Maarten Baas is enthralled by time: pausing it, fast-forwarding it, drawing it, performing it. The conceptualization of time has been his modus operandi since 2009, when the Dutch designer exhibited his smash-hit “Real Time” at Salone del Mobile in Milan and earned the title Designer of the Year from Design Basel in Miami.
Ever since, Baas has been crafting horological works out of the fourth dimension; and naturally, he has a lot of clocks to show for it. Sweepers Clock (2010) is a 12-hour video in which two men busily sweep piles of trash resembling the hands of a clock, treating time as a performative process. Those wondering who the enigmatic figure painting each passing minute from the inside of Schiphol Clock (2016) in Amsterdam’s bustling airport—it was Baas.
In 2017, Baas opened his first major museum show, “Hide & Seek,” at the Groninger Museum in the Netherlands.
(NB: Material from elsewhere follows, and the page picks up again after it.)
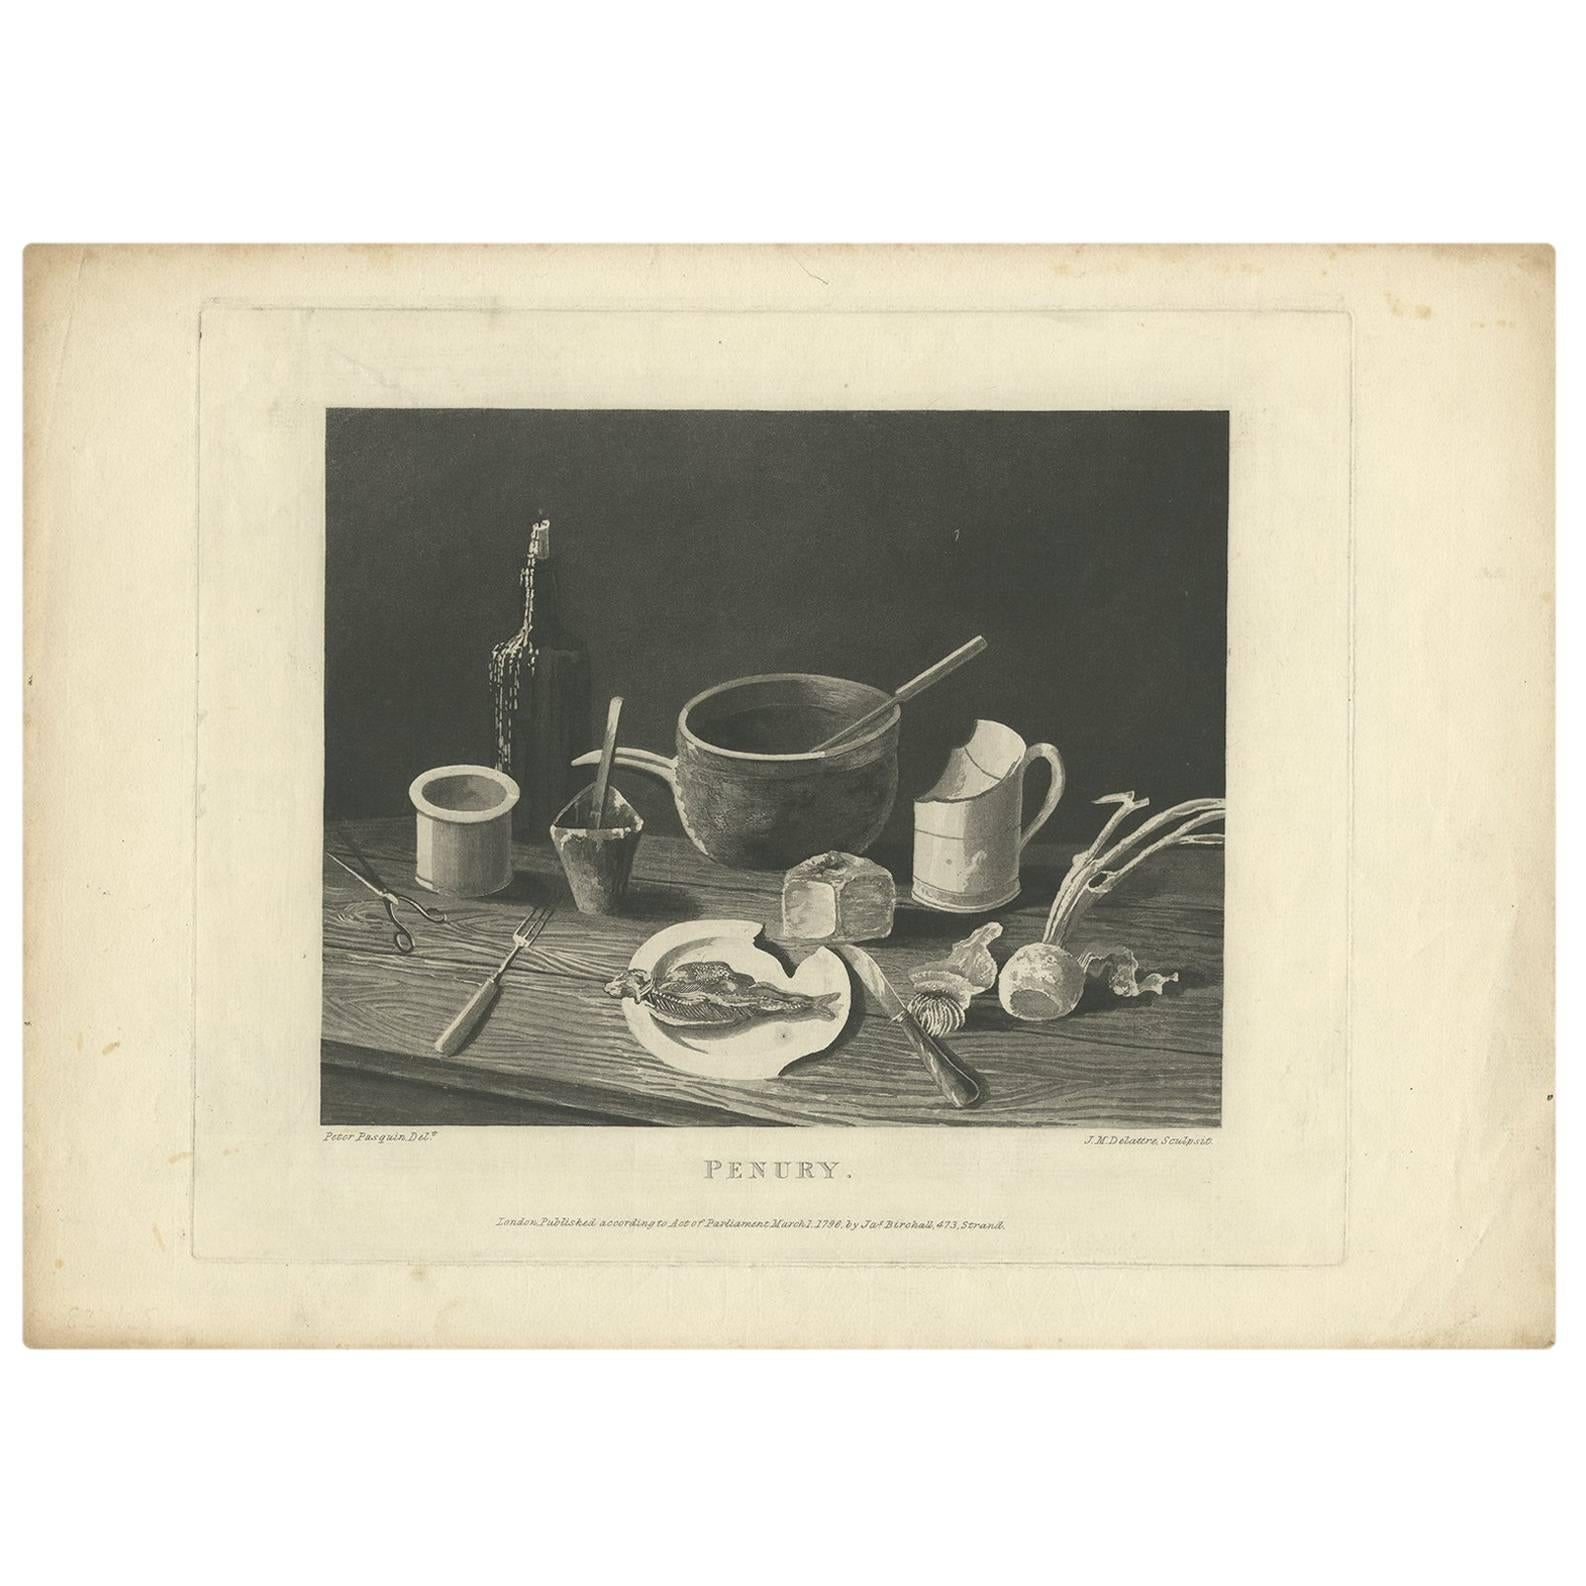 Antique Print of 'Penury' Made After P. Pasquin, 1796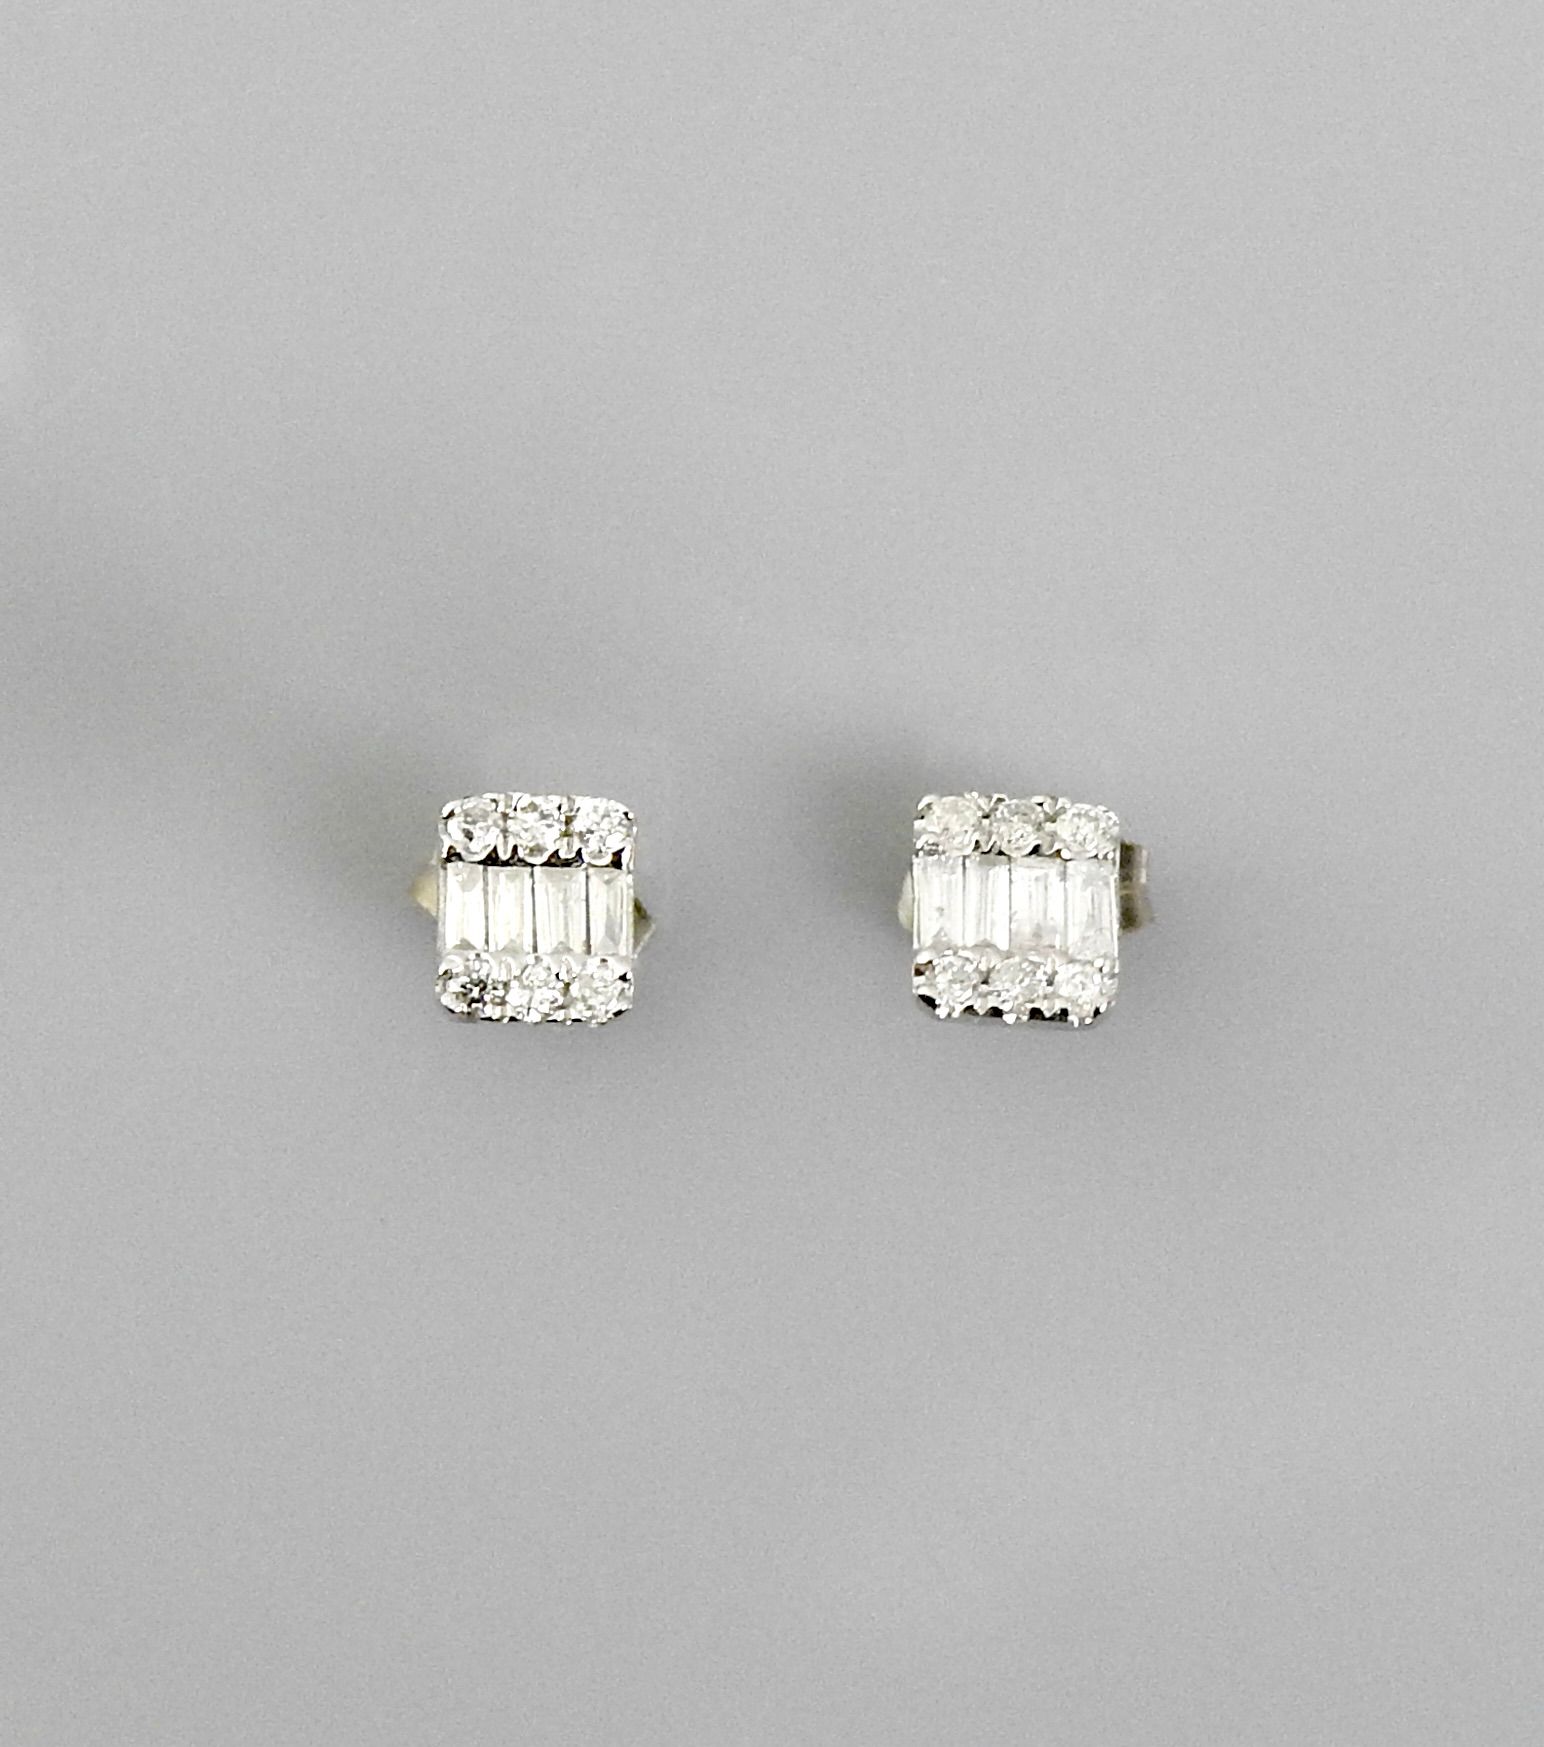 Null Square earrings in white gold, 750 MM, covered with baguette-cut and brilli&hellip;

Meanwhile, his pieces have been scooped up by institutions all over the world, from MoMA in New York and San Francisco MoMA to the Victoria & Albert Museum in London and the Rijksmuseum, Amsterdam. Two grandfather clocks of his—or rather, one grandmother clock—have fetched his highest auction amounts, at Sotheby’s (2019) and Phillips (2012).
Now, Baas is exhibiting “Play Time” at Carpenters Workshop Gallery, Los Angeles (through May 26), a time-traveling retrospective of earlier time-based works mixed with new iterations. In his “720 Minutes Clocks” series, Baas gathered as many Dutch children to create a colorful drawing on a clock’s face. In Real Time XL The Artist, Baas stands inside a giant clock, hand-drawing and redrawing its hands.